GIMMIE SHELTER OR GIMMIE DEATH
DIW’s favorite electroclash survivors, Adult., give us the lurid backstory behind their new album and an exclusive tour of their gorgeous Detroit home.

The artwork for Gimmie Trouble, Adult.’s latest LP, features three pairs of antlers protruding like legs from blank mounds, not unlike the neutered crotch of a Ken doll. A pasty phantom hand holding a handkerchief reaches up to wipe a bronze plaque, which conveys the band name and album title. Inside are other images of cabin fever, all in dispassionate, monochromatic brown. The back cover lists the song titles on stationary from the desk of Helen Bach.

“She’s someone … we know,” says Adam Miller, one third of the Detroit electro-punk group, implying that he feels more comfortable keeping Bach’s identity under wraps.

“She lives in the thumb,” offers band member Nicola Kuperus—the “thumb” being the region of the Michigan mitten that looks like, well, a thumb.

“She’s sort of like Bloody Mary. Except she’s real,” adds Sam Consiglio, rounding out the trio.

An avid shutterbug (she’s a freelance fashion and music photographer for Planet E Communications, BPM, The Wire, and more), Kuperus created Gimmie Trouble’s sterile visual element, which is an extension of the skull-and-crow, still-death imagery found within the band’s Thrill Jockey Records debut, the D.U.M.E. EP.

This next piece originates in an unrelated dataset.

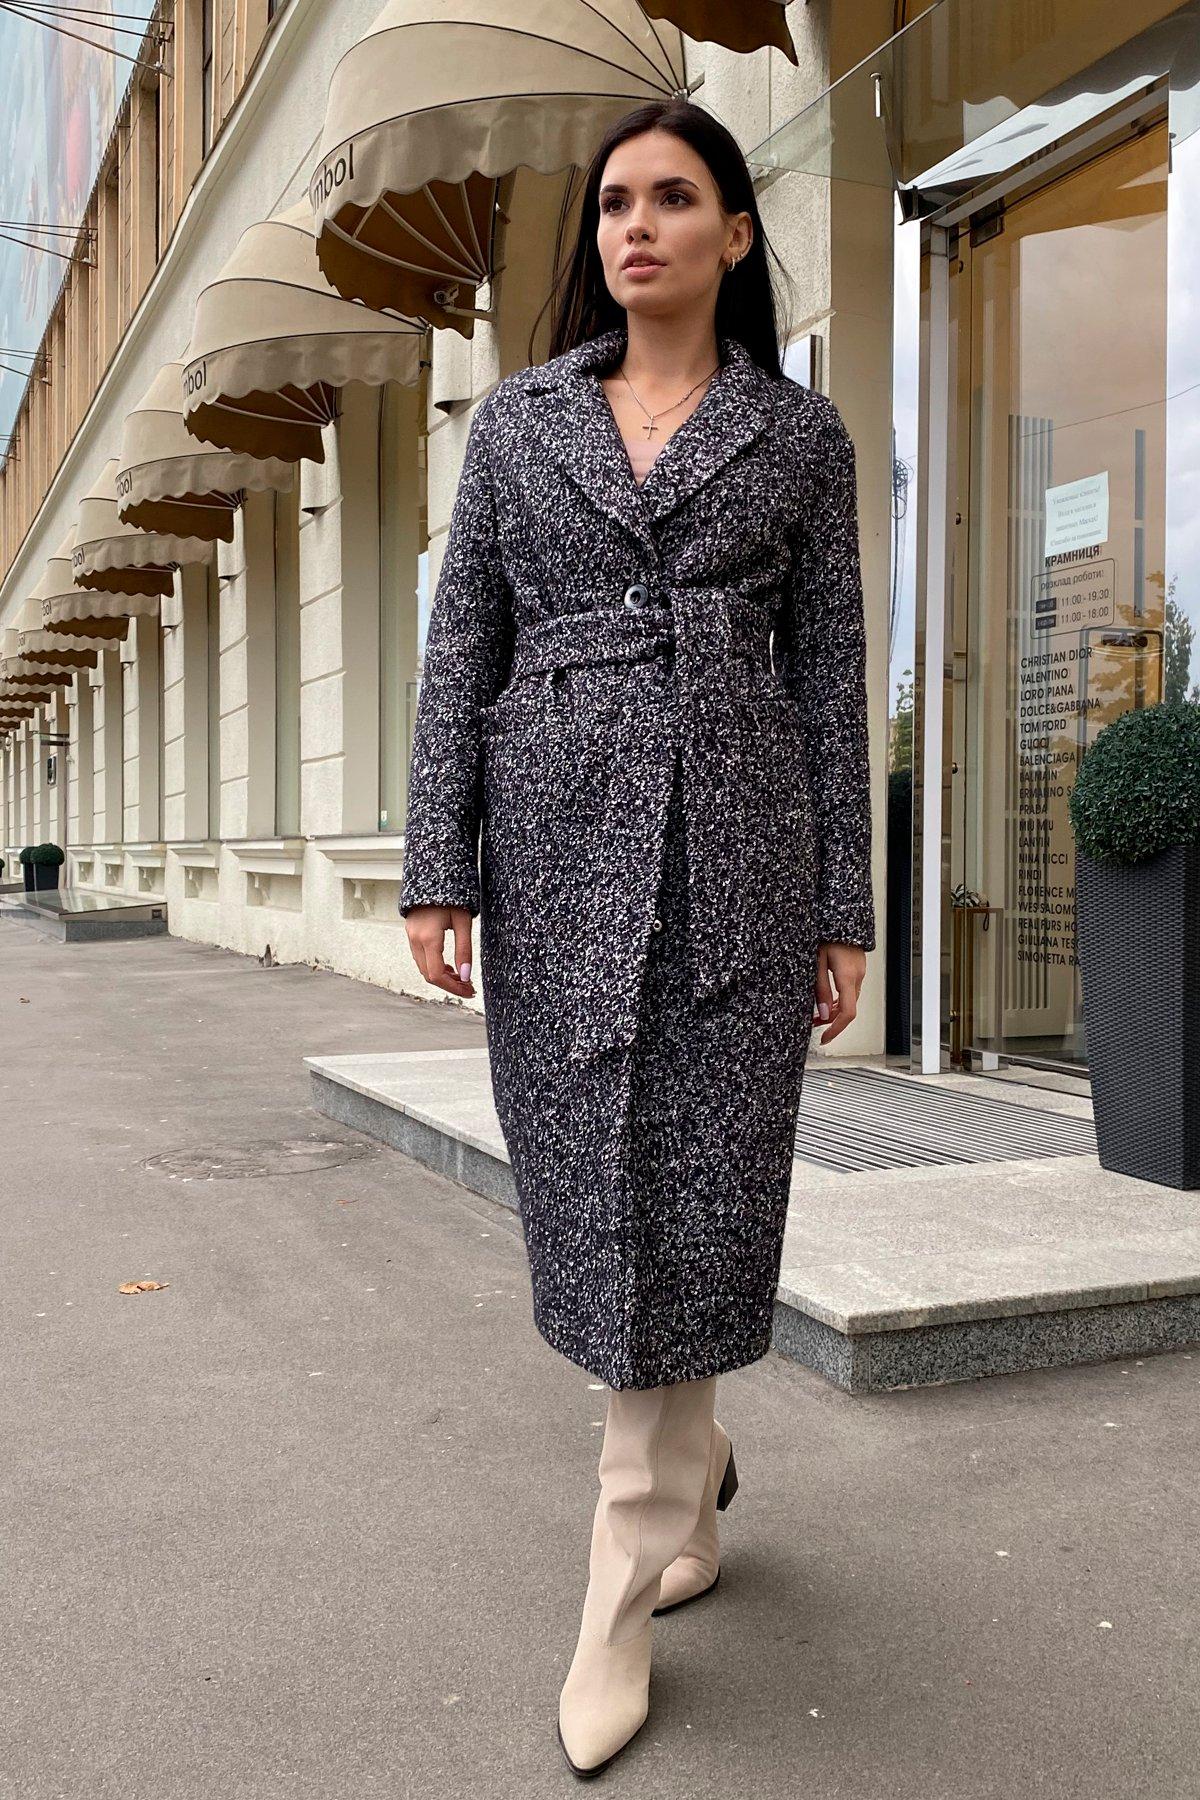 Теплое зимнее пальто буклированная шерсть Вива макси 8349 АРТ. 44517 Цвет: Черный/серый 61 - фото 10, интернет магазин tm-modus.ru

Beyond Kuperus’ recognizable aesthetic blend of corpse-cold noir poses and painfully detached imagery are 12 new songs. At times, the analog synthesizers strike the ear with characteristically paranoid laser-light precision. At others, the sounds squiggle like sparklers, complete with smoke and tracers. Similarly, the beats either maintain the band’s typical rubbery bounce, or they drag—echoed and distorted—like they’re half underwater. Most of the tracks incorporate a bit of both in an attempt to make the songs more fun for the band to play live. Consiglio (of Tamion 12 Inch) is also a new addition to the mix. Adult. previously consisted of Kuperus and Miller as a husband-and-wife team. The two invited Consiglio and his guitar along for the ride when they realized their new songs needed an extra set of hands.

I used to have this joke that when we would go on tour, I would come off stage and there would be a group of people waiting by the side of the stage to beat me up,” says Consiglio. “They’d be like, ‘You ruined Adult. Adult. is Adam and Nicola, and that’s it.’”

Another major development on Gimmie Trouble is Kuperus’ voice, which has stretched way beyond its former electro-monotone to a full-on punk wail. Although it’s a bit jarring at first, her vox burrows into your brain, making itself comfortable after a few listens. The breathy conclusion to “Turn into Fever” even conjures comparison to PJ Harvey’s psychotic rant from “Rid of Me.” After viewing Metallica: Some Kind of Monster, a documentary chronicling the recording of Metallica’s St. Anger, Kuperus said she took notice of James Hetfield’s thorough vocal preparations and was inspired to scour eBay for vocal warm-up tapes.

The trio wrote and recorded Gimmie Trouble over three months inside the historic home Kuperus and Miller recently purchased in Detroit. The house was built for a family and then served as a photography studio and telemarketing center for 50-odd years. The couple is in the process of converting it back into a home and has finished the recording-studio portion of the project. The dining room, which was previously a darkroom, is in the process of renovation. The table is partially set for a dinner party—the “set” for Adult.’s first proper music video (“In My Nerves”), which will be shot the following day. Miller explains the plot as “a formal, awkward dinner that goes awry.”

The majority of DIW’s interview takes place inside a cement-block addition with 13-foot-high ceilings that used to be the photo studio. While recording the album, Adult. used the room as a racquetball court.

“It was funny because we’re all just totally un-athletic,” says Consiglio. “We’d play tag with the racquetballs. We would try to hit each other with the balls.”

Picturing the trio cooped up in this unfinished space for three months of a brutal Michigan winter to create an album as claustrophobic and energetic as Gimmie Trouble, one can imagine that a few rounds of racquetball might have prevented an actual case of cabin fever. As another possible antidote, the band is embarking on its biggest tour to date in support of the new record. The four-month tour will take them throughout North America and Europe. Although the three have a definite sense of home—their musing about Detroit alone could fill an entire magazine—touring is what they do best, and it’s often their inspiration.

“We played in Moscow, and a guy came up to me and hugged me, says Miller. “In broken English he said, ‘I never heard of you before tonight, and you changed something right here [touching his chest], and you will have changed it forever.’ I just teared up. … As hokey as it sounds, bands like PiL and Dead Kennedys changed my life when I was 14 or 15, and I’ve never gone back. I would only hope that I could corrupt someone else like that. I was inspired, and I hope to inspire.”